The A/D module works in the system clock source and automatic conversion mode, and enters an interrupt after each conversion. A structure with a sampling point number should be defined in the program to store the data collected by the A/D. Each structure includes a real part and an imaginary part. In the interrupt service subroutine, the digital quantity collected by the A/D module is stored in the real part of the structure, and a total of sampling point conversions are performed. The flow of the interrupt service subroutine is shown in Figure 4.
2.2 Period determination
The frequency components of audio signals are not only numerous, but also non-periodic. The measurement period can be in the time domain or in the frequency domain. However, since the frequency domain measurement of periodicity requires that certain frequency points have regular zero points or near zero points, it is impossible to correctly analyze the periodicity of more complex signals with more frequency components and more uniform and low power distribution. Therefore, for the periodicity determination of the signal, the period determination function should be called directly before the FFT transformation of the signal. The flow chart of the periodicity determination subroutine is shown in Figure 5.
2.3 FFT Transformation
Since the amount of computation of direct Fourier transform is proportional to the square of the number of sub-sample points N, when N is large, the amount of computation is too large and is not suitable for implementation in embedded systems with limited resources. Therefore, the most commonly used radix 2 FFT algorithm is the one whose main idea is to decompose the N-point direct Fourier transform into multiple shorter direct Fourier transforms, and then use the periodicity and symmetry of the rotation factors to save system resources to a great extent.

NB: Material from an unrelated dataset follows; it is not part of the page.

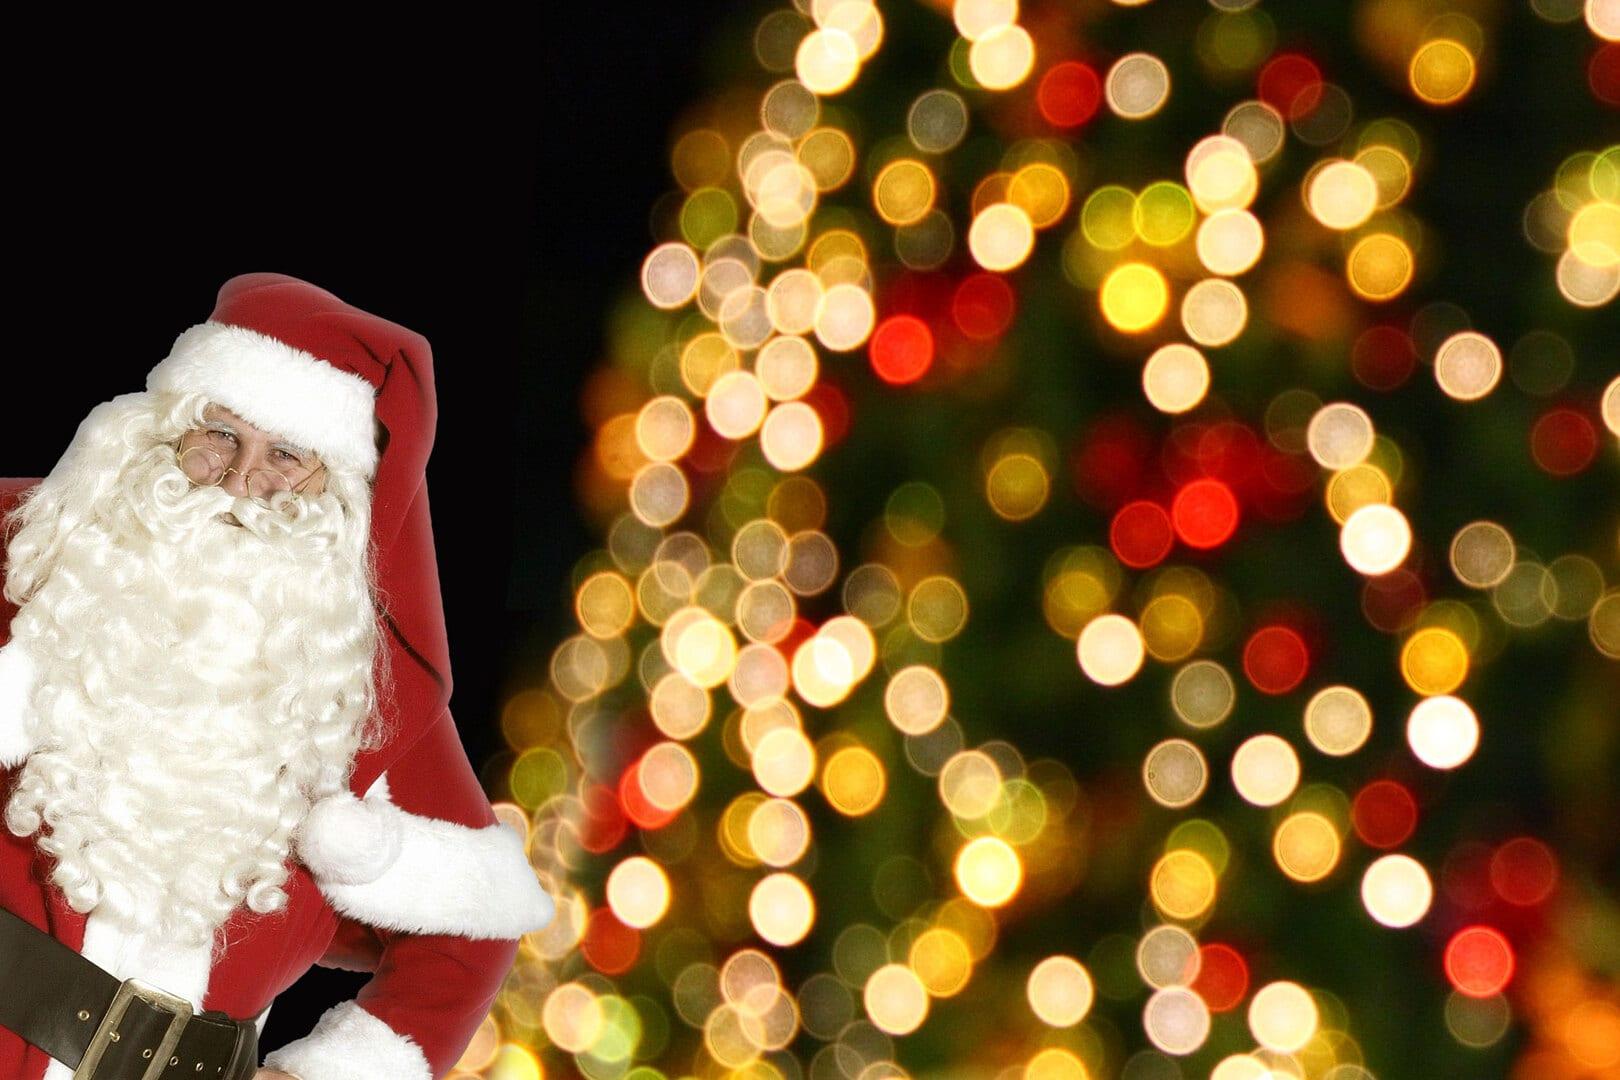 Hyggelig juletræsfest og honninghjerter i Sct. Jørgens Park

The MPLAB C30 C compiler provides almost all digital signal processing software tools. Through the DSPIC30F series microprocessor, digital signal processing can be easily implemented by simply calling the library functions provided by Microchip. For the radix-2 FFT transform, its software flow chart is shown in Figure 6.
2.4 Feature value extraction
The quantities that play a decisive role in frequency domain analysis include sampling frequency and number of sampling points. Through FFT transformation, the discretized amplitude spectrum X(k) is obtained. The discretized amplitude value is first squared and then divided by the number of sub-sample points N to obtain the power value corresponding to the frequency point (power = X(k)*X(k)/N).
3 Conclusion
The main performance indicators of the system are: input impedance 50 Ω; input signal voltage range (peak-to-peak value) 100 mV ~ 5 V; the frequency component range of the input signal is 200 Hz ~ 10 kHz; the frequency resolution is 100 Hz (it can correctly measure the power value of the frequency component with a frequency difference of not less than 100 Hz in the measured signal); the total power of the input signal and the power of each frequency component, the sum of the power of each detected frequency component is not less than 95% of the total power value; the absolute value of the relative error of the power measurement of each frequency component is less than 10%, and the absolute value of the relative error of the total power measurement is less than 5%; the analysis data is refreshed at a period of 5 s, and the frequency components of the signal should be stored in sequence according to the power size and can be played back and displayed. At the same time, the total power of the signal and the frequency and power values of at least the first two frequency components are displayed in real time, and a pause button is set to keep the displayed data. Audio signal analysis based on DSP microcontroller technology has the characteristics of stable performance, simple circuit, fast speed, low cost and small size. It is suitable for embedded systems that require audio signal analysis and can be further promoted and applied in more fields, such as environmental monitoring, speech recognition, and control of intelligent systems.